In some embodiments, the method further comprises one or both of generating the first RF field; and generating the second pulsed field.

In a further aspect of the present invention a sensor circuit for measuring an in body property is provided, comprising: a first transducer by modulating a first field to which the first transducer is exposed, and a second transducer for modulating a second pulsed field to allow timing information of the sensor circuit.

In another further aspect of the present invention a system for measuring an in body property is provided, comprising: the above sensor circuit, a first field generator for generating a first field to expose the sensor circuit, a second field generator for generating a second pulsed field to expose the sensor circuit, a first determination unit for determining the measurement of the property, and a second determination unit for determining the position of the sensor circuit.

According to an aspect of the invention the position of a sensor is wirelessly transferred using RF field modulation, using the timing information provided by the externally applied ultrasound (US) pulse from an US imaging probe.

By including a sensor in the resonant coil that also changes capacitance as a function of the property (parameter) to measure (for instance an air capacitor to measure pressure), the possibility exists to measure this second sensor property as well using the RF field. In an embodiment, in each phase of the externally applied pulse a different coil can be detuned, enabling differential measurements with one common externally applied pulse.

Instead of a pulsed US field, a pulsed X-ray or MRI pulse can be used, with the appropriate transducer to convert the energy of the field to electrical capacitance.

The change in resonance (detuning) of the multiple coils can be detected either wirelessly using one or more RF receivers, or it can be transmitted over a wire to a detector unit (which is also referred to herein as a signal analyzer).

Thus, the problem of interconnection is overcome by the invention. In a wireless embodiment, elimination of wires to transfer power and data to and from the sensor circuit results in a so-called ‘freedom wire’ that allows the physician to operate the guide wire with full freedom (i.e. without having to consider how to measure the in-body property). In the ‘one wire embodiment’, the sensor circuit according to the invention can use a simple clamp or connection onto the ground wire to interconnect the sensor circuit to the external measurement box.

The data transfer over an RF carrier wave also enables a plurality of sensor assemblies to be connected on the same (guide) wire, as every sensor assembly can be tuned to respond to a specific RF frequency carrier signal. This enables pressure wave propagation speed measurements (or other in-body property measurements) on multiple parts of the guide wire, which is beneficial in FFR (fractional flow reserve) measurements, as no pull back of the wire is needed when the occlusion is passed, as there is always a sensor assembly on the wire behind the occlusion.

When the RF signal detuning is not just measured with one RF receiver but wirelessly with multiple (at least three), the position of the sensor can also be determined by ‘triangulation’, allowing position determination relative to the reference system of the RF receivers. The RF receiver reference system can then be coupled to the patient reference system.

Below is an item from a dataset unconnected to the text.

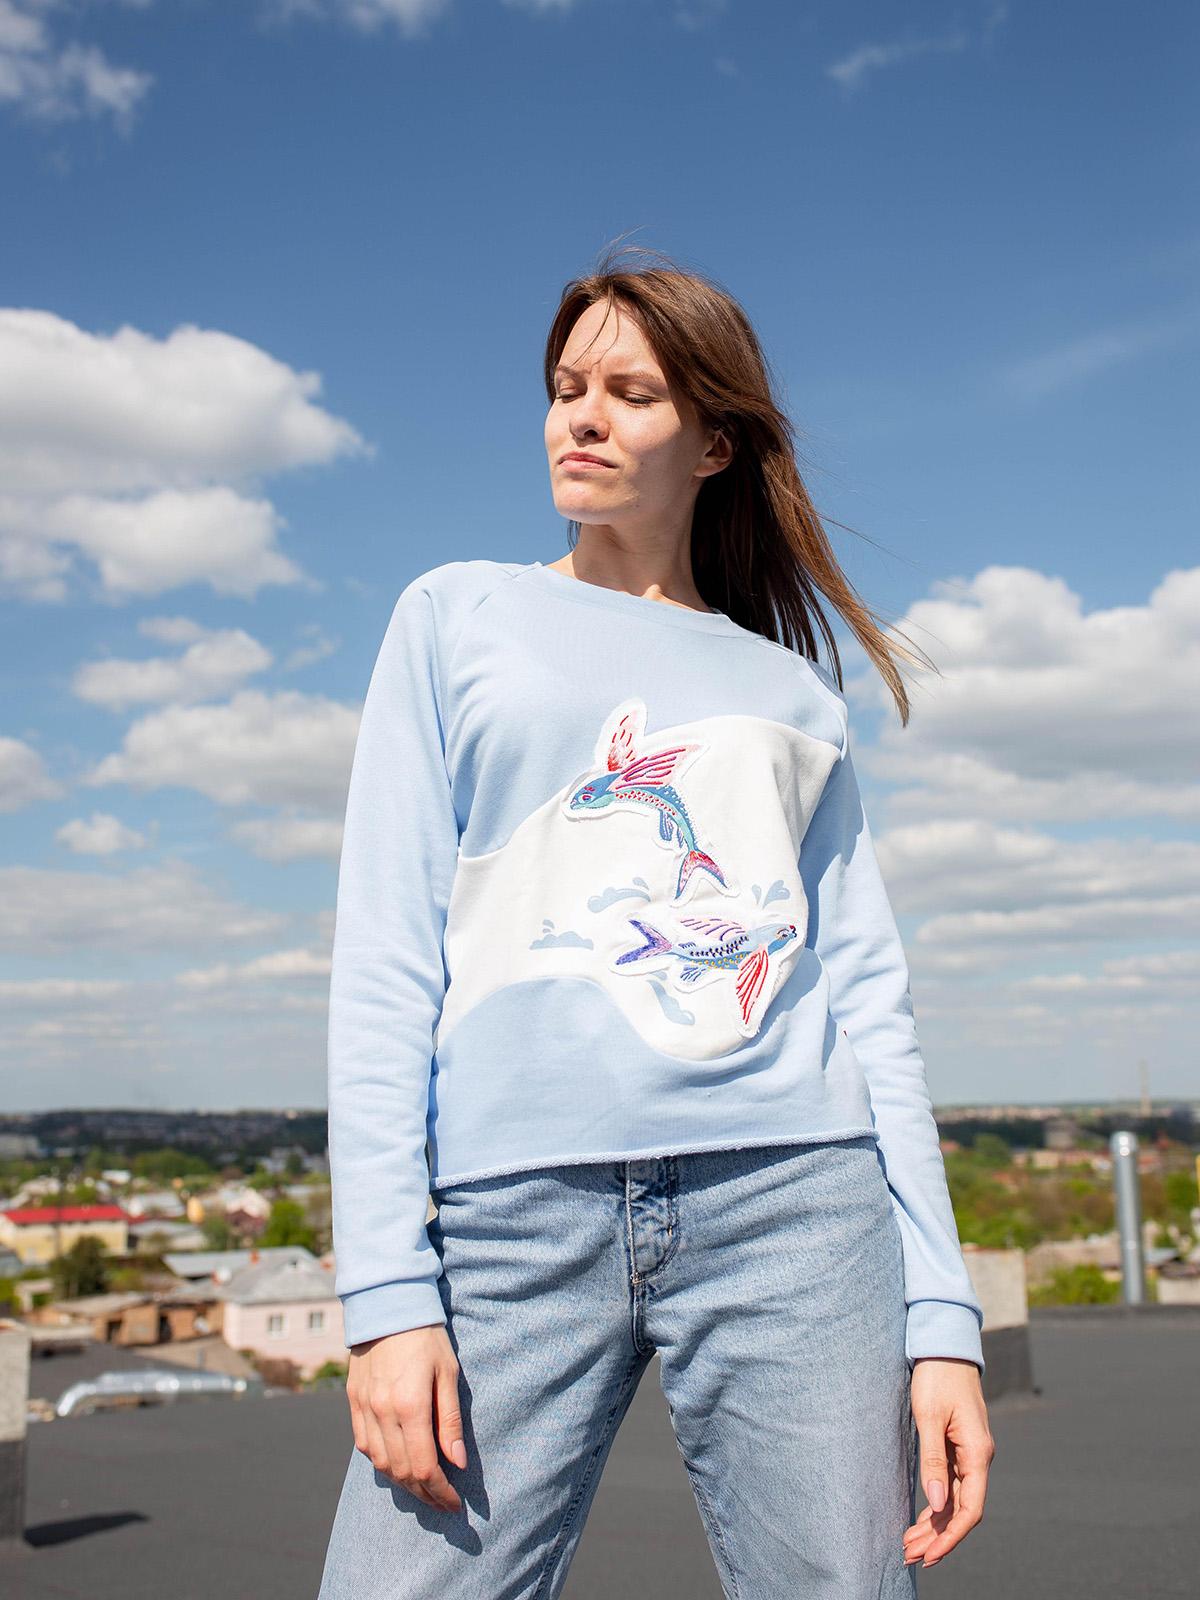 Жіночий Світшот Летючі Рибки. Колір блакитний.  Розмір на моделі: S.

The external pulsed field energy needed can be provided in multiple ways, with MRI type radiation, X-ray and US radiation. The benefit of MRI and X-Ray is that the field can be applied into the body from a fairly large distance, whereas in the case of ultrasound the field needs to be generated by a device in contact with the body, for instance a wearable patch or an ultrasound probe. Also light can be used as external pulse source, if the sensor circuit is not too deep inside the body or the light source is also inserted into the body.

These and other aspects of the invention will be apparent from and elucidated with reference to the embodiments described hereinafter.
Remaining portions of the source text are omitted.